Sinn Féin fisheries and marine spokesman Pádraig MacLochlainn was reacting to a claim by the Donegal-based Northern Celt that it was told by Scottish authorities on Monday that it could not fish within 12 miles of Rockall.
Skipper Adrian McClenaghan said he had a permit to continue to fish within British waters.
Mr MacLochlainn said he had warned the then Irish marine minister Michael Creed in 2019 that a 2013 agreement between the Irish and British governments establishing a Single Maritime Boundary between the Exclusive Economic Zones (EEZs) of the two countries and parts of their Continental Shelves, “essentially recognised British sovereignty over Rockall”.
“This is a shameful agreement that has never been ratified by the Dáil,” Mr MacLochlainn said.
Ireland “could have supported the governments of Iceland and Denmark in demanding shared sovereignty and fishing rights around Rockall but chose not to do so”, he said.
He said that Minister for Foreign Affairs Simon Coveney and his Fine Gael party had “created this mess” and “need to sort it out”.

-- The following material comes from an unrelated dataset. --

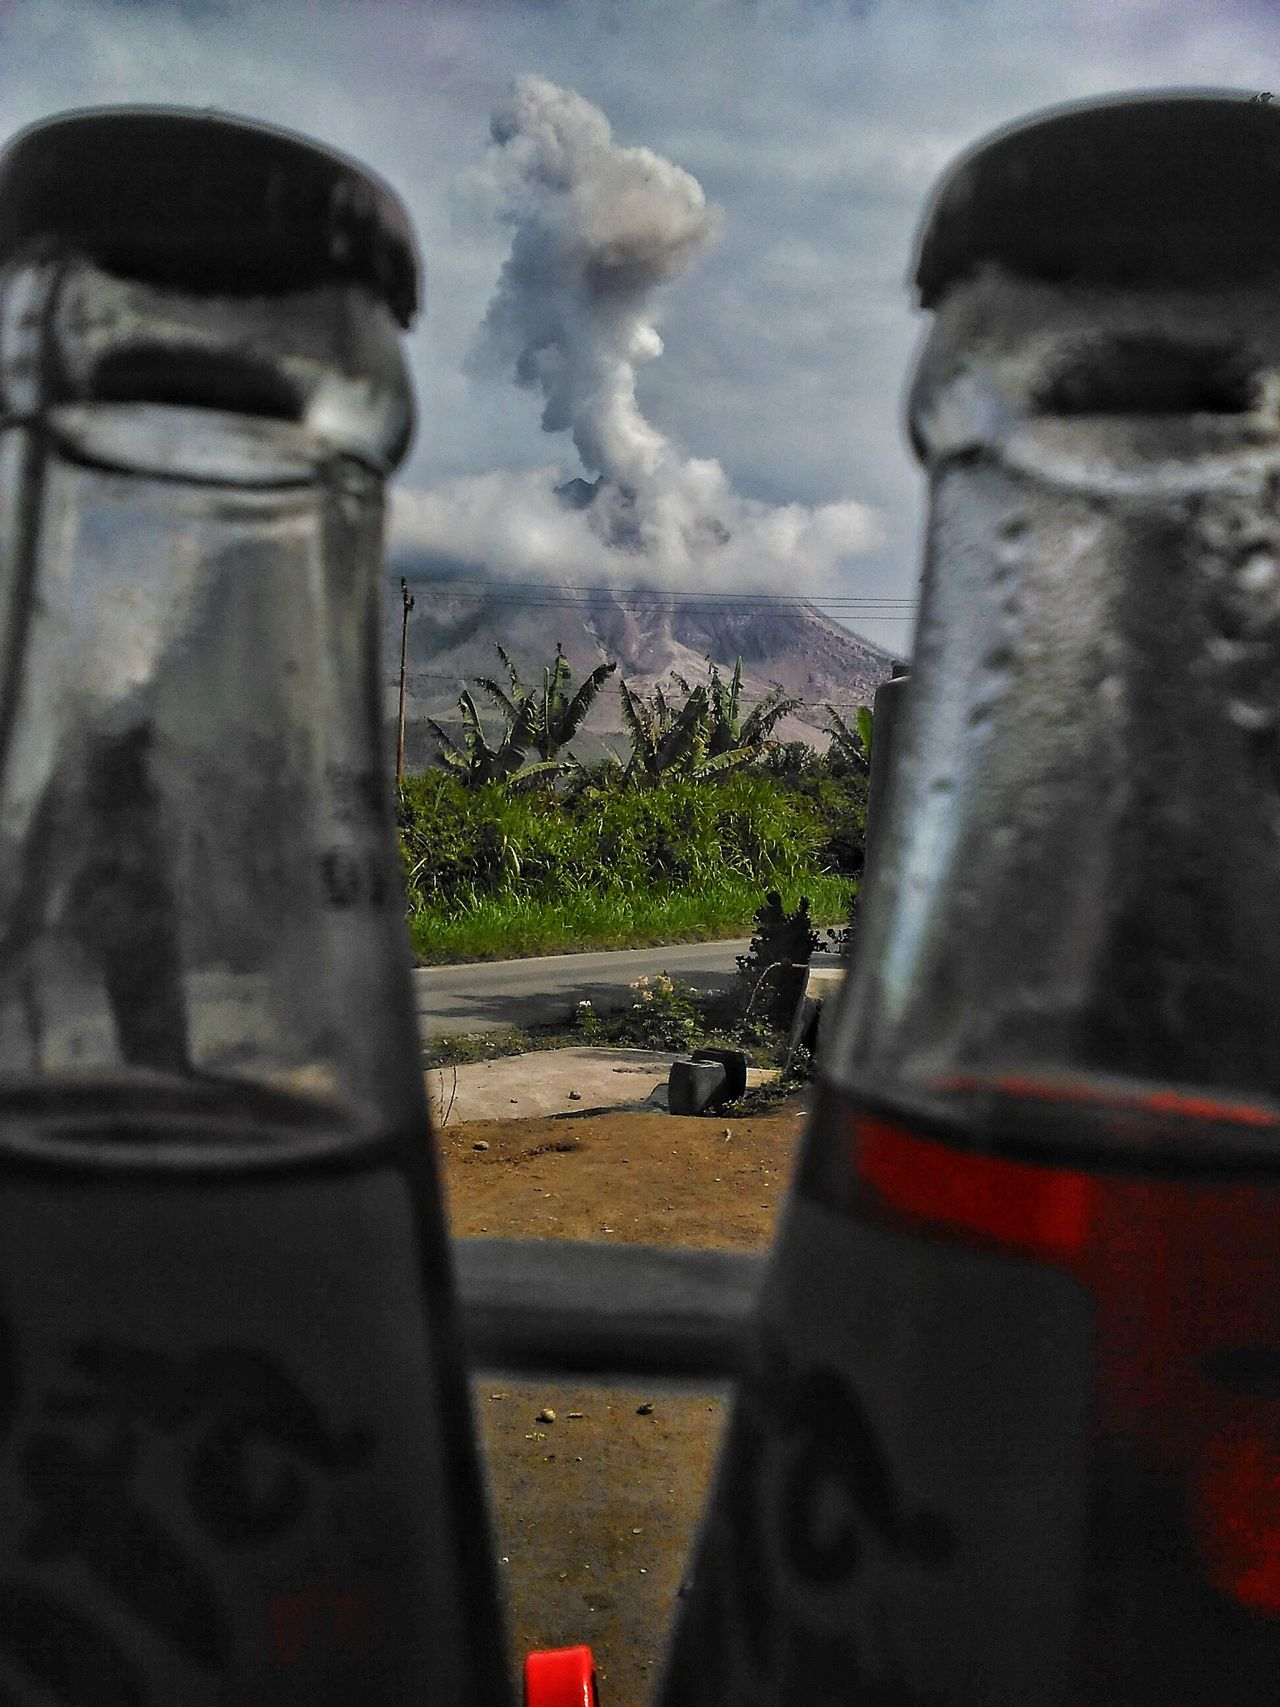 Sinabung eruption today, Sinabung Level IV the alert to resident Sinabung Sumatera Utara Sinabung Masihindonesia Pfimedan Pewartafotoindonesia EyeEm Best Shots EyeEm Nature Lover EyeEm Gallery

The 2013 agreement was signed on Ireland’s behalf by then Tánaiste and foreign affairs minister Eamon Gilmore.
The Irish government maintains that Rockall, as an uninhabited rock, does not have an EEZ under Article 121 of the UN Convention on the Law of the Sea.
However, when the issue flared up last in mid-2019, two Irish maritime lawyers disagreed.
Rockall expert Prof Clive Symmons of Trinity College, Dublin and Prof Ronán Long, who is ocean governance and law of the sea chair at the World Maritime University, both stated that rocks can generate 12-mile territorial sea limits under the same UN convention.
The Department of Foreign Affairs has said it is aware of “contact between an Irish fishing vessel and a Marine Scotland patrol vessel” and has been in contact with the Scottish and UK authorities.
A Scottish government spokesperson said: “One Irish vessel was routinely inspected outside of territorial waters around Rockall”
"The master requested clarification on the access rights granted by his licence to fish in UK waters,” it said.
The KFO fears the renewal of tensions over Rockall may jeopardise the seasonal non-quota squid fishery for Irish vessels.
Up to 30 per cent of whitefish, including haddock, caught by Killybegs and Greencastle vessels is taken around Rockall.